With courage tempered by exhaustion, Vaskov returns to the cabin where the Germans rest and, armed with a knife, a single revolver round, and a grenade lacking a fuse, launches a decisive counterattack. He subdues a German soldier by stabbing, shoots another, and uses a feigned threat with the grenade to compel surrender. He then captures a submachine gun and, in a tense moment, holds the surviving Germans at bay. A radio message from the Soviet lines cools his fury and redirects his focus, and he ultimately escorts the three remaining enemy soldiers back toward Soviet territory. The surviving women who came to rescue the group soon reach the scene, finding Vaskov barely able to stand from exhaustion and relief mixing with sorrow.

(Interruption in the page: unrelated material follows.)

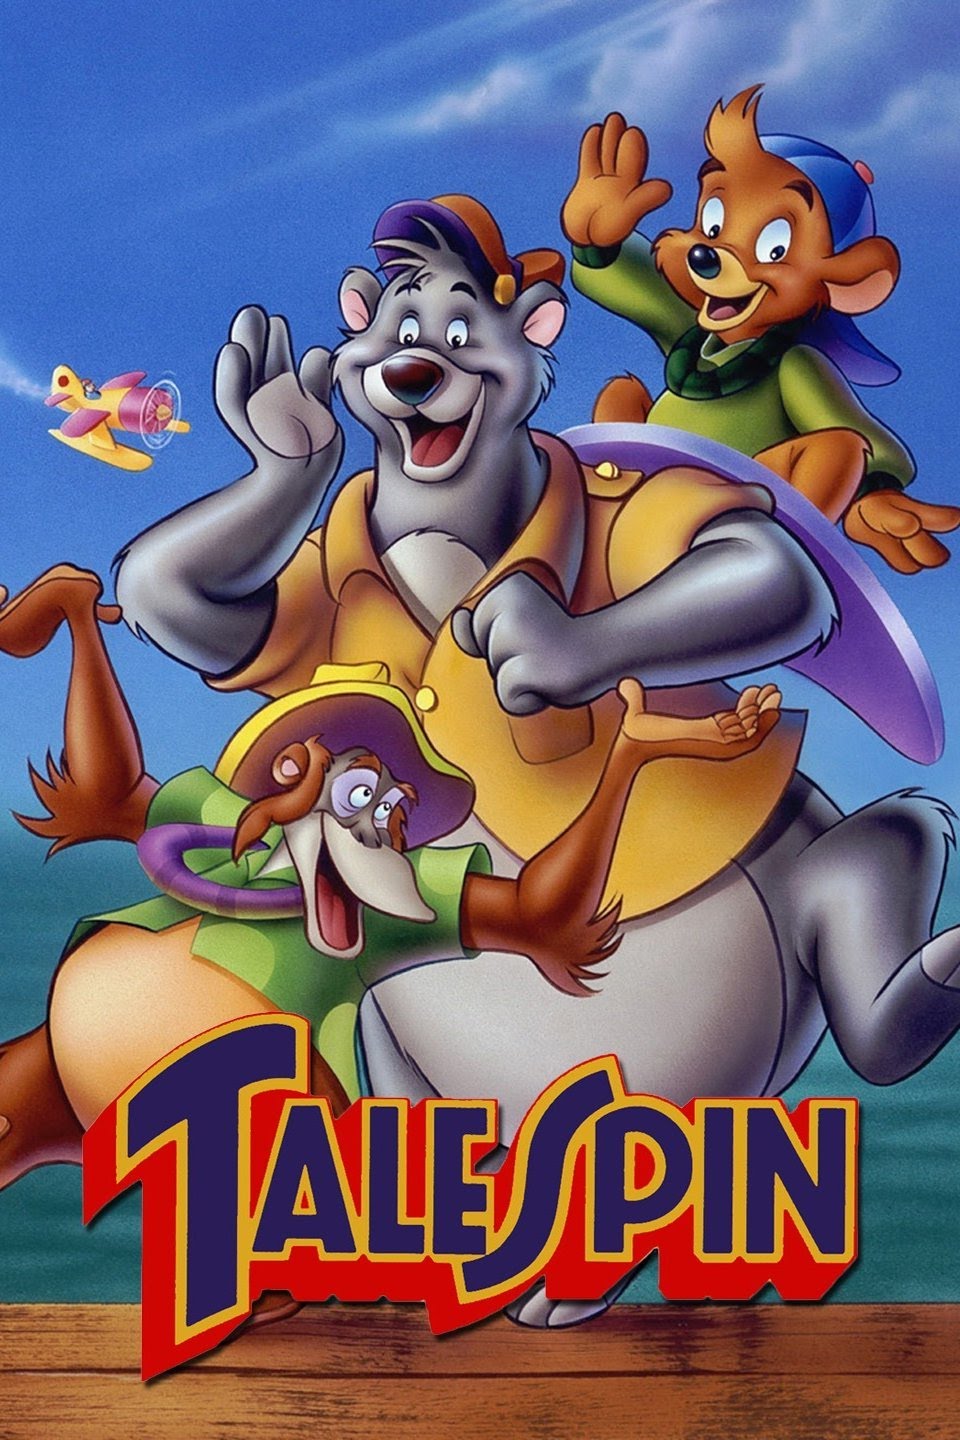 TaleSpin - Complete Series NL Gesproken 480p WEB-DL PyRA

The story jumps forward three decades, when Vaskov revisits the battlefield with an observing officer, an implied link to Rita’s son. The memory lingers as the girl from the opening scene—the future figure who will eventually bring a bouquet of flowers from a boyfriend—appears at a memorial dedicated to the five young women who died in that hidden corner of the war. She pauses, places the flowers at the marker, and, with the weight of history in her steps, pays her respects alongside the surviving veteran and the present-day witness to their sacrifice.

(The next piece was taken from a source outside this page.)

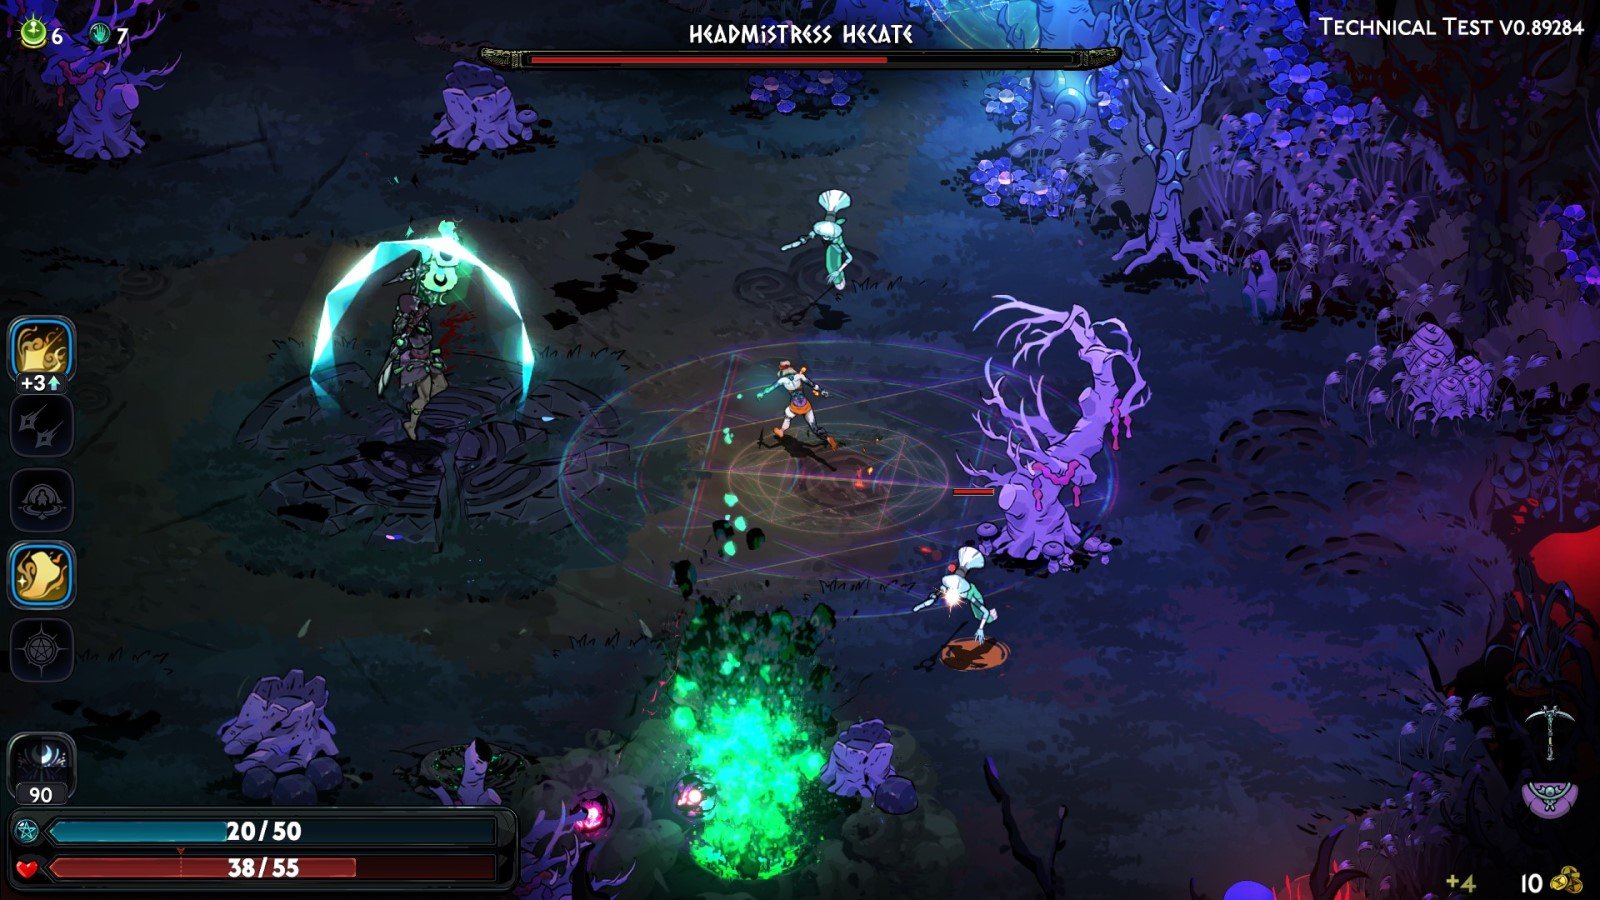 A screenshot from the Hades II Technical Test, showing Melinoe in a boss fight against Hecate.

Five girls… five young girls were here, only five, and you did not pass! You’ll croak here, everyone will croak!.. I’ll kill each of you with my own hands… with my own hands!
In this story of wartime grit and quiet heroism, courage is measured not only by battlefield victories but by the endurance to care for family, to protect one another, and to carry memories forward. The film blends intimate character studies with stark combat sequences, painting a textured portrait of a unit forged through shared danger and mutual reliance. The cast, including [Olga Ostroumova], [Ekaterina Markova], [Elena Drapeko], [Irina Dolganova], [Irina Shevchuk], [Andrey Martynov], and [Yuriy Sorokin], brings to life a group of women whose quiet strength and stubborn resolve illuminate the human cost of war and the enduring bonds that survive long after the last gun has fallen silent.